Other beers in their range include Boss Bare, a 5% Munich Helles lager, Boss Blonde, a 4% pale ale, Boss Brave, a 5.5% American IPA, Boss Boss, a 7.4% Double IPA and Boss Beatle Juice, a 4.8% juicy pale ale. There’s even plans for gluten free efforts and non/low alcoholic choices.
Balance is also at the forefront of Boss’ thinking when it comes to beer. They want their beers to have “repeat drinkability,” not just be one-off, crazed inventions designed to be tried and left behind. The focus is on creating beers of superb quality that are accessible and approachable, and which stand the test of time. These are beer fans, beer drinkers, beer scholars doing their best to bring you guys at home the best brews they can. It’s not only admirable, it’s working. They’re even bringing the craft revolution to their hometown Swansea in West Wales.
“Generally speaking West Wales is a little more old school and trends such as craft beer usually come to us a few years later. That makes it all the more exciting for us though as it puts us in the privileged position of being able to introduce people to craft beer and convert them over,” explains Sarah.

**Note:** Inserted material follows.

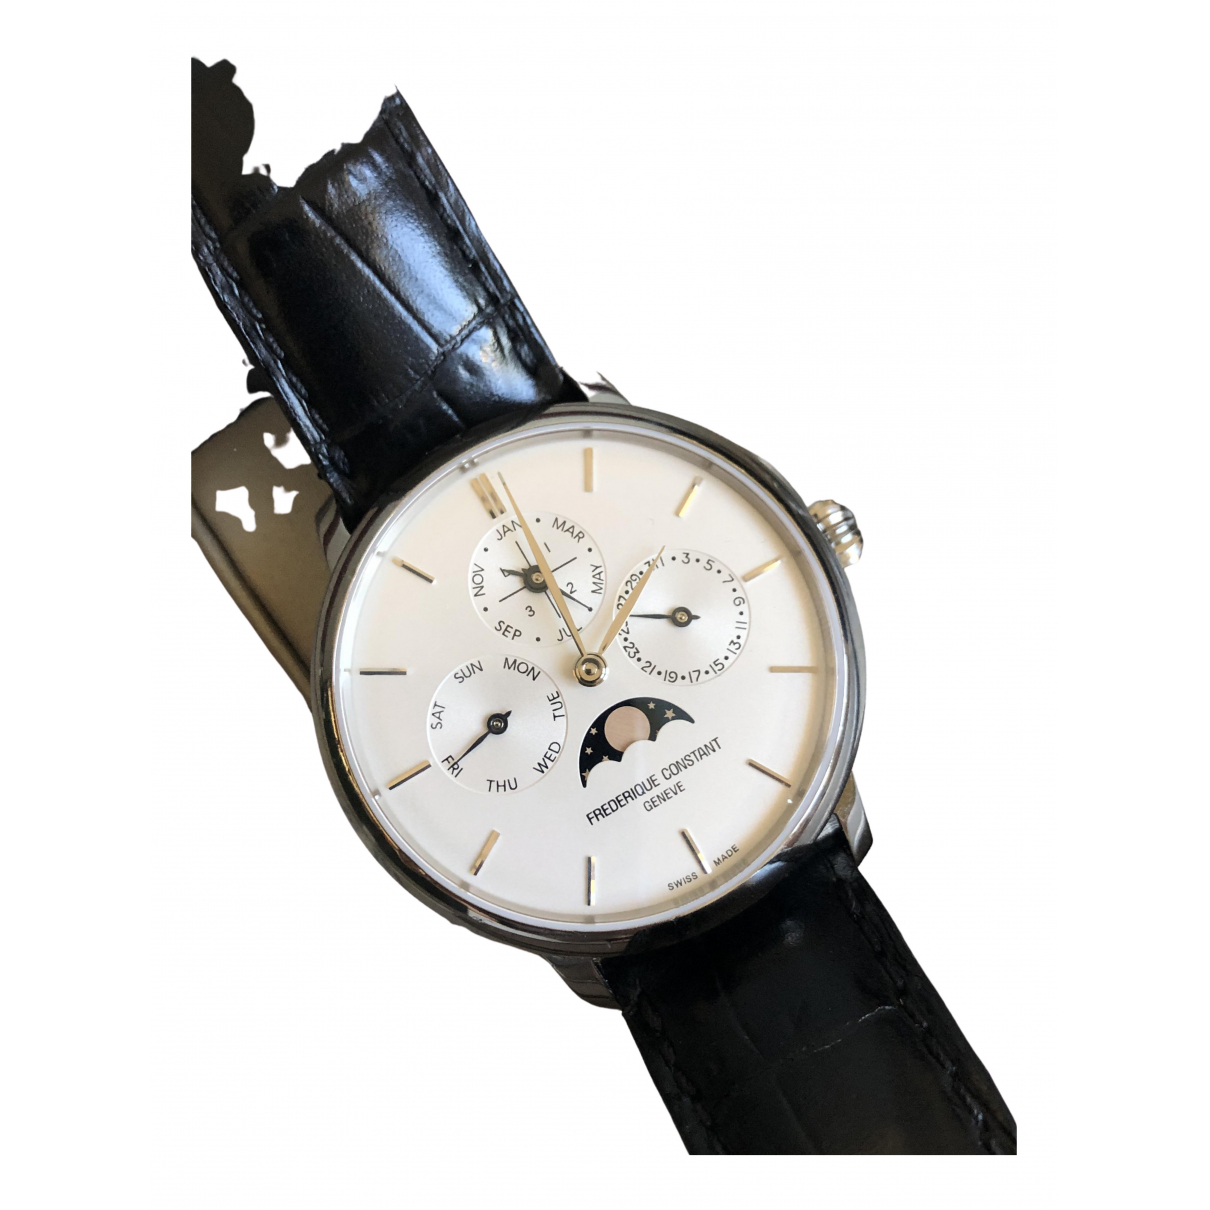 Frederique Constant SlimLine Manufacture Phase de Lune Uhr in  Silber Stahl

“We opened our first brewery bar in Swansea called Copper in August 2016, which has been amazing for them. It’s the first of its kind (a craft beer bar) in Swansea and the reception has been amazing. People are keen to try beers unlike anything they’ve ever tried before. It’s catching on.”
From Swansea, Boss have spread their beery reach to every corner of the UK and beyond. In 2017, the brand exported their brews globally for the first time, reaching France and Canada.
Now, they’ve got European craft beer hotspots Denmark, Sweden, Italy and Germany in their sights.
At home they’re also making huge moves. Boss recently sealed the deal on a new brewery site, with work beginning on a space that is ten times the size of their current site. The idea is to bottle, can and label everything on site, and keep up with the demand for their beer. The new site will also house a taproom, their second bar in Swansea. They’re not forgetting where they come from either and they’re also retaining a vision and ambition to be much more than just beer manufacturers.
“There’s a huge yard too [at the new site] so we’re hoping to establish an annual craft beer festival there a bit further down the line, which will be a first for Swansea,” said Sarah. “It is a beautiful building with lots of character and history – it was actually a cinema during the First World War. So, an idea we’ve had is to also utilise the yard as a drive-in cinema, perhaps once a month. We’re just looking into the licence for it now – how incredible would that be? Plans are also underway for a third brewery tap, which I will be able to tell you more about in the near future.”
Boss Brewing is everything a modern brewery should be. Brave, bold, creative and ambitious; this positive, progressive attitude is sutured through everything Boss does.
In just two years, they’ve already left a huge, stouty mark on the British beer map, and they’ve never once rested on their laurels. Not only that, but there’s nothing conventional about the way Boss go about their business, not that they care.
In fact, they’re proud to be redefining beer in West Wales and beyond, and the image of who’s behind it. Like a Boss.